Implications for the C-suite
For executives, this shift presents both an opportunity and a challenge. The opportunity lies in making procurement a strategic lever—not just for cost, but for growth, resilience, and environmental, social, and governance (ESG). AI can enable smarter design-to-value decisions, more agile supplier networks, and better capital allocation.
But capturing this value requires leadership. Specifically, executives should consider the following:
- Rethinking organizational roles. As agents take on execution, teams must be reskilled for strategy, exception management, and insight interpretation.
- Investing in data readiness. Clean, connected data is the fuel of AI. Organizations must make bold moves to build and maintain their procurement data spine. In a world of ubiquitous large language models (LLMs), competitive edge comes from specific context and domain signals.
- Embedding change, not just tools. Successful transformations pair technology with operating model redesign, new KPIs, and strong change leadership. AI must be integrated into the rhythms and rituals of how work gets done.
- Elevating the procurement agenda. With AI, procurement becomes a board-level lever. Executives must align procurement’s ambitions with enterprise goals—sustainability, innovation, supply-chain resilience—and ensure cross-functional integration.

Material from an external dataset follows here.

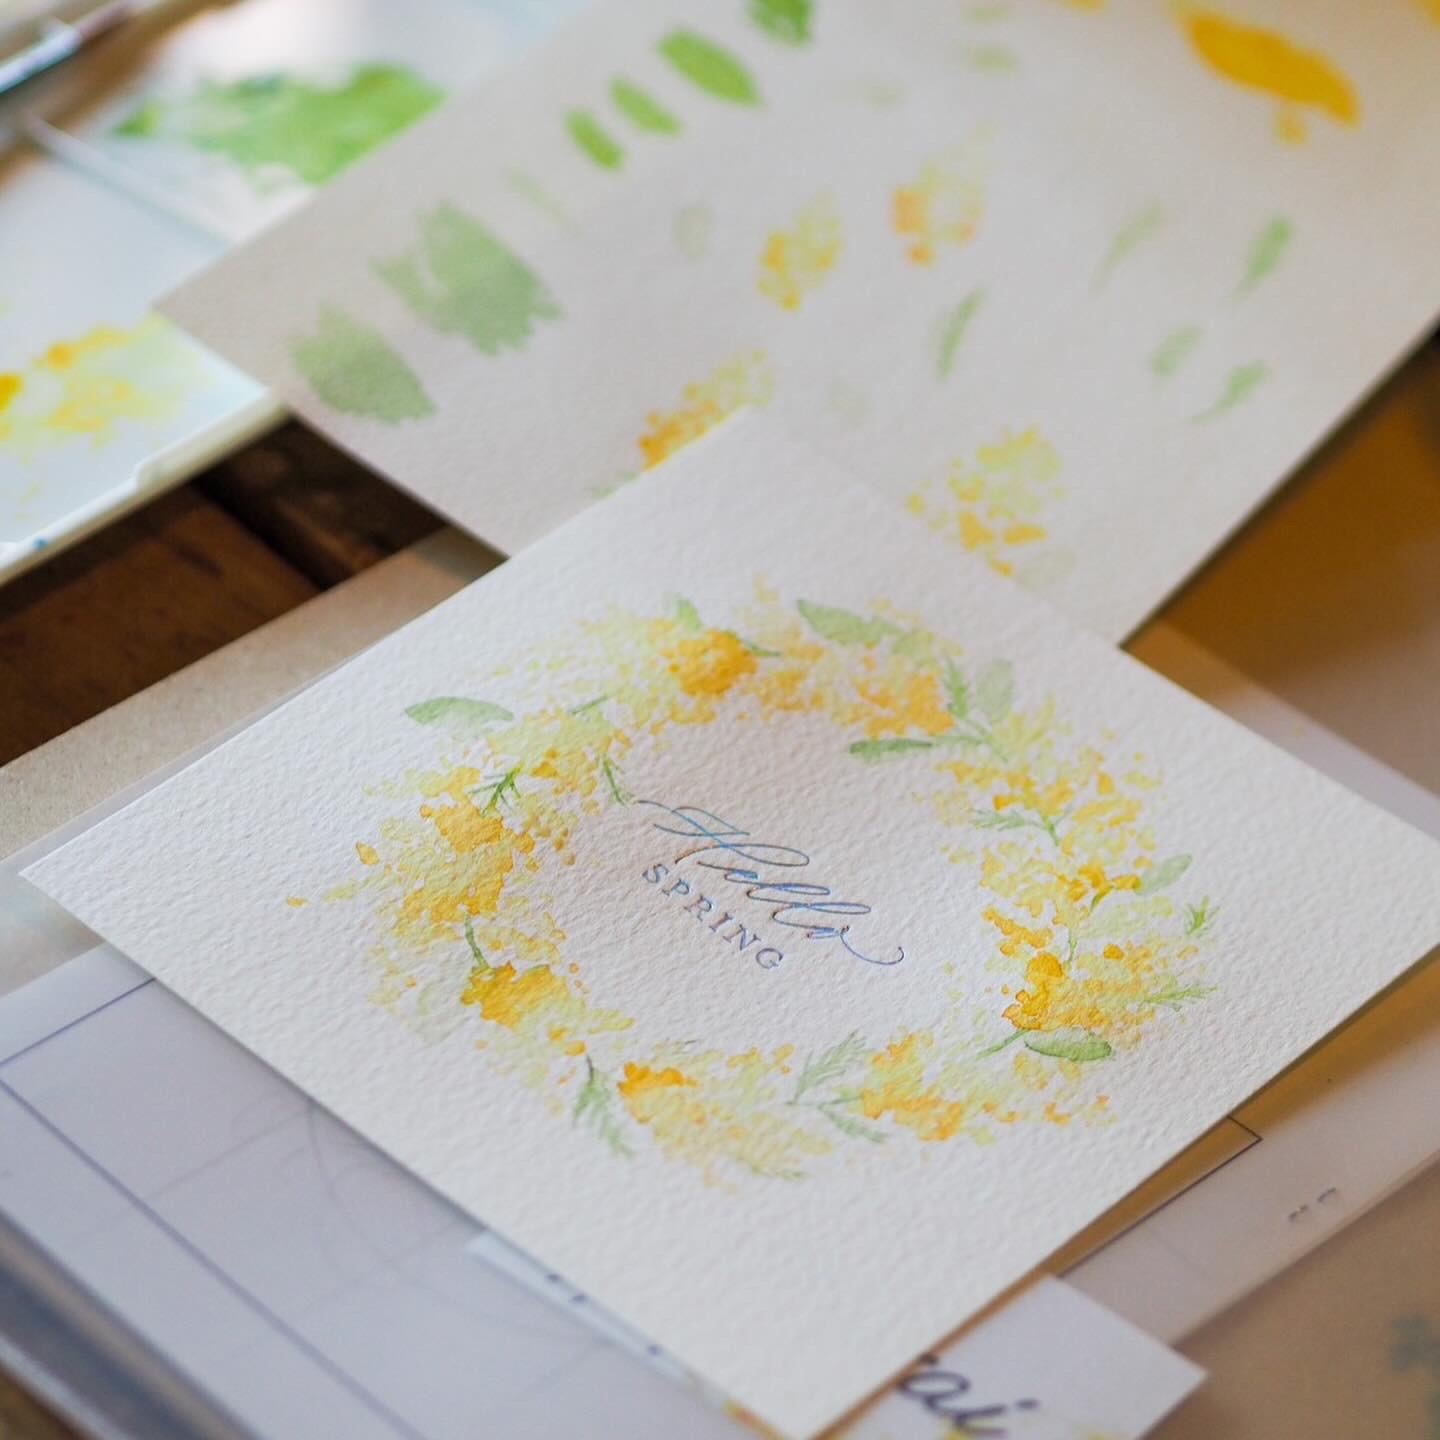 水彩画で季節のお花 ミモザを描くワークショップの写真3枚目

From measured savings to procurement ROI
A rewired procurement function will require companies to rethink the way they measure impact. Procurement ROI is a single metric that makes sense. It is defined as the total value created divided by the total cost to achieve that impact. Value includes realized savings, leakage avoided, working-capital and risk benefits, and revenue enablement. AI lifts value by expanding category management coverage beyond today’s bandwidth, improving outcomes in every negotiation, and opening new pools of value such as automated tail-spend repricing and tighter compliance. Cost reflects the full run rate of people (internal and external), technology, data, and change management. AI shifts that mix—more platform and data investment, a leaner team with different skills. With the right sequencing, uplift is visible within months as agents move from pilot to production and the operating model evolves.
A practical road map
While the technology is ready, each organization’s path to transformation will be different. That said, successful efforts often follow a consistent approach:
- Activate no-regret agents now. There are already agentic AI solutions that companies can apply off the shelf. Examples include category copilots, RFx generation and analytics, contract optimization, invoice-to-contract compliance, or tail repricing systems.
- Define the long-term vision and value case. Focus on business outcomes—not just use cases or tools.

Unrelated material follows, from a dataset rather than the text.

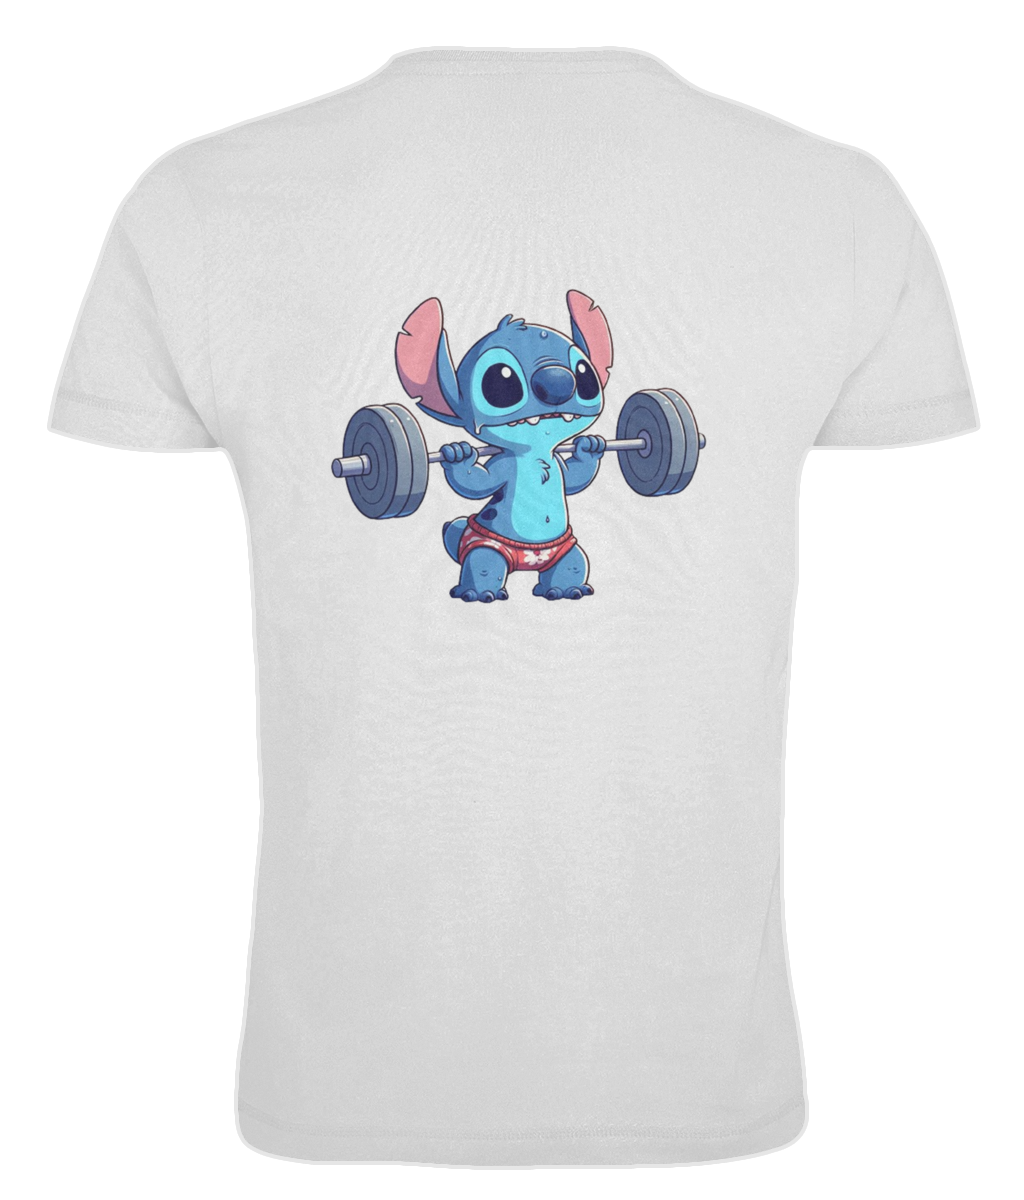 "Stitch" - Oversized T-shirt

- Start focused, scale fast. Pick two or three high-impact categories or domains to reimagine. Use success to build momentum.
- Build the right team. Combine procurement, data, AI, and change expertise to create a cross-functional taskforce.
- Invest in capability building. Don’t wait for AI to arrive—start upskilling teams today.
- Establish feedback and learning loops. AI systems improve with use. Treat every cycle as a learning opportunity.
AI in procurement is not a feature—it is a new foundation. Anchor decisions in procurement ROI: total value created. AI rewiring of procurement redefines what is possible in cost management, supplier collaboration, and business agility.
The path is a recipe, not a pilot: Build the data spine; activate no-regret agents across sourcing, negotiation, and value preservation; and rewire roles and processes for human and agent ways of working. This is leadership work—challenging legacy systems, setting clear guardrails, and investing in capabilities that compound.
For chief procurement officers (CPOs) and their C-suite peers, this is a once-in-a-generation opportunity to elevate procurement from a support function to a source of strategic advantage. Those who seize it will define the next frontier of enterprise value. Those who delay risk being left behind—not just by competitors, but by their own suppliers.